The ACP group also calls for setting the new ceiling on trade-distorting support at a higher level for developing countries with a low value of production and who allocate most support to subsistence and resource-poor producers.
Agricultural exporters: three fixed cap options
New Zealand, Australia, Canada, Chile, and Paraguay have proposed exploring options for a fixed cap on overall trade-distorting support levels, in a paper tabled earlier this week.
The paper advocates adopting a fixed monetary ceiling on support levels, rather than a limit expressed as a share of the value of production. In July, the EU, Brazil, and three other agricultural exporters proposed capping support as a share of farm output. A separate negotiating submission from China and India also proposed limiting trade-distorting support, while using a different approach. (See Bridges Weekly, 20 July 2017)
The New Zealand proposal suggests three types of fixed caps which members could consider. The categories would be set as follows: major members, such as the US; countries such as the G-10, with high support levels relative to their value of production; and developing countries with a low value of agricultural production and low spending levels. Least developed countries would be exempt from any ceilings.

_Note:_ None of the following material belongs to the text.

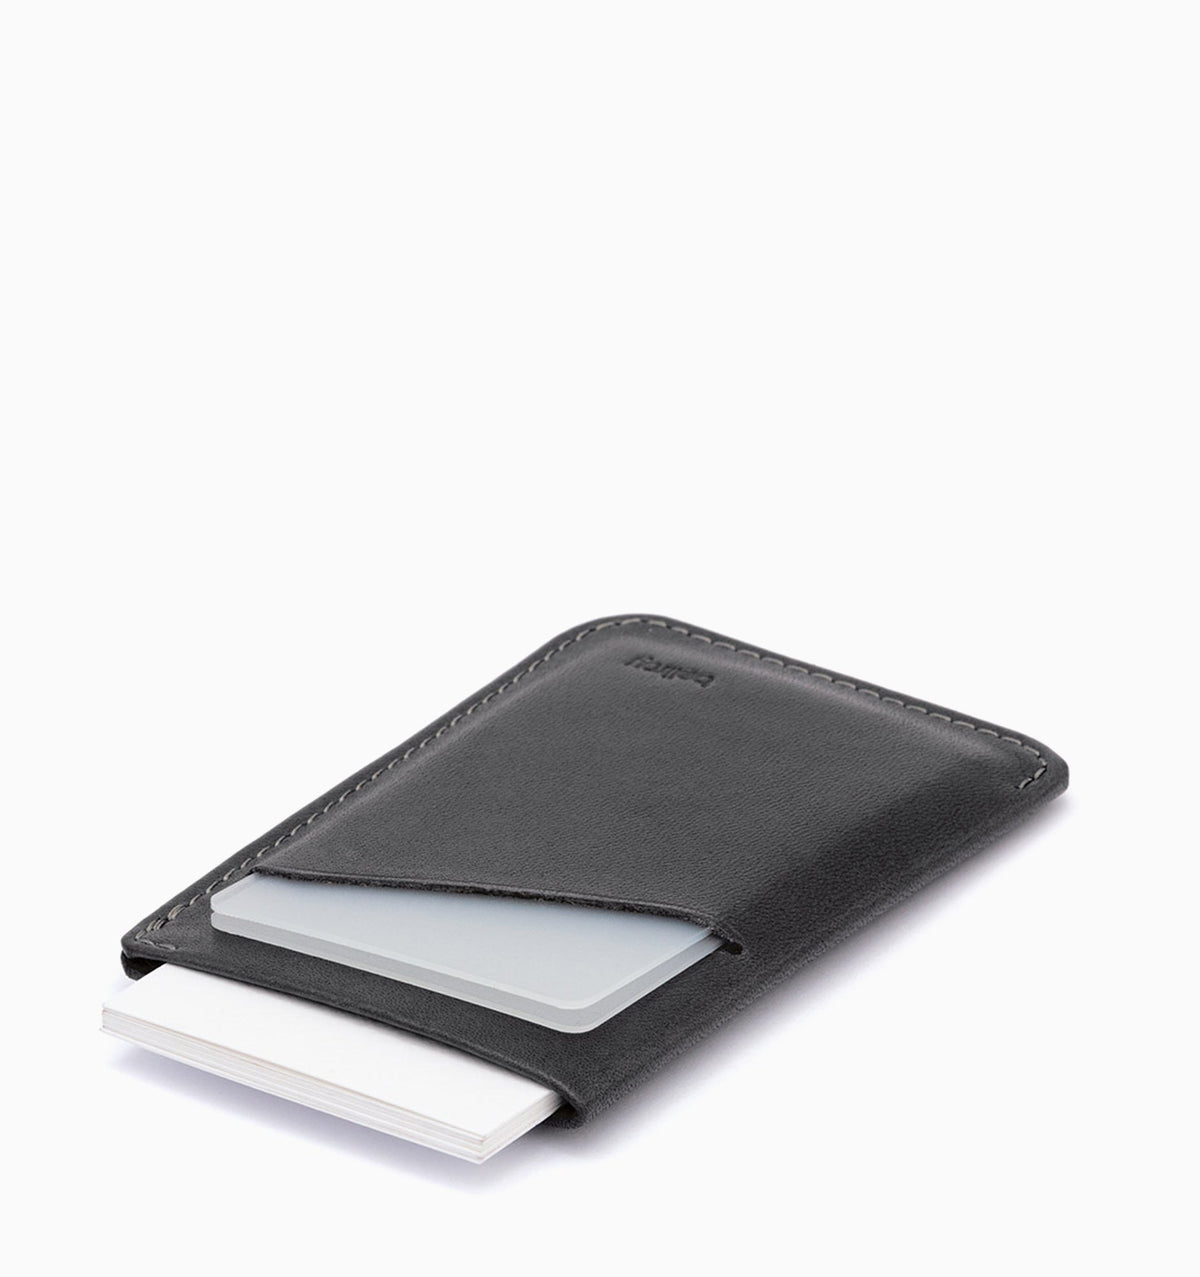 Bellroy Card Sleeve Wallet - Charcoal Cobalt

According to the proposal, major WTO members would need to respect a ceiling based on a percentage of historical value of production levels. Other countries with high support levels and low farm output would respect a ceiling based on current farm subsidy levels, with a small “buffer.” Finally, developing countries with low subsidy spending and low levels of agricultural production would be bound by a fixed value ceiling, such as US$2 billion, set at a level that is higher than current limits for most WTO members.
Significant gaps remain
Despite the flurry of new proposals, many negotiators are unsure how much progress can be achieved at Buenos Aires, given how far apart members are on domestic support.
Negotiating meetings convened this week by the chair of the WTO farm trade talks, Kenyan Ambassador Stephen Karau, might provide greater clarity on possible ways forward, sources said.
Others said that a WTO General Council meeting, scheduled for 26-27 October, might also give more direction to officials as they try to delineate the contours of an eventual agriculture-related outcome in Buenos Aires.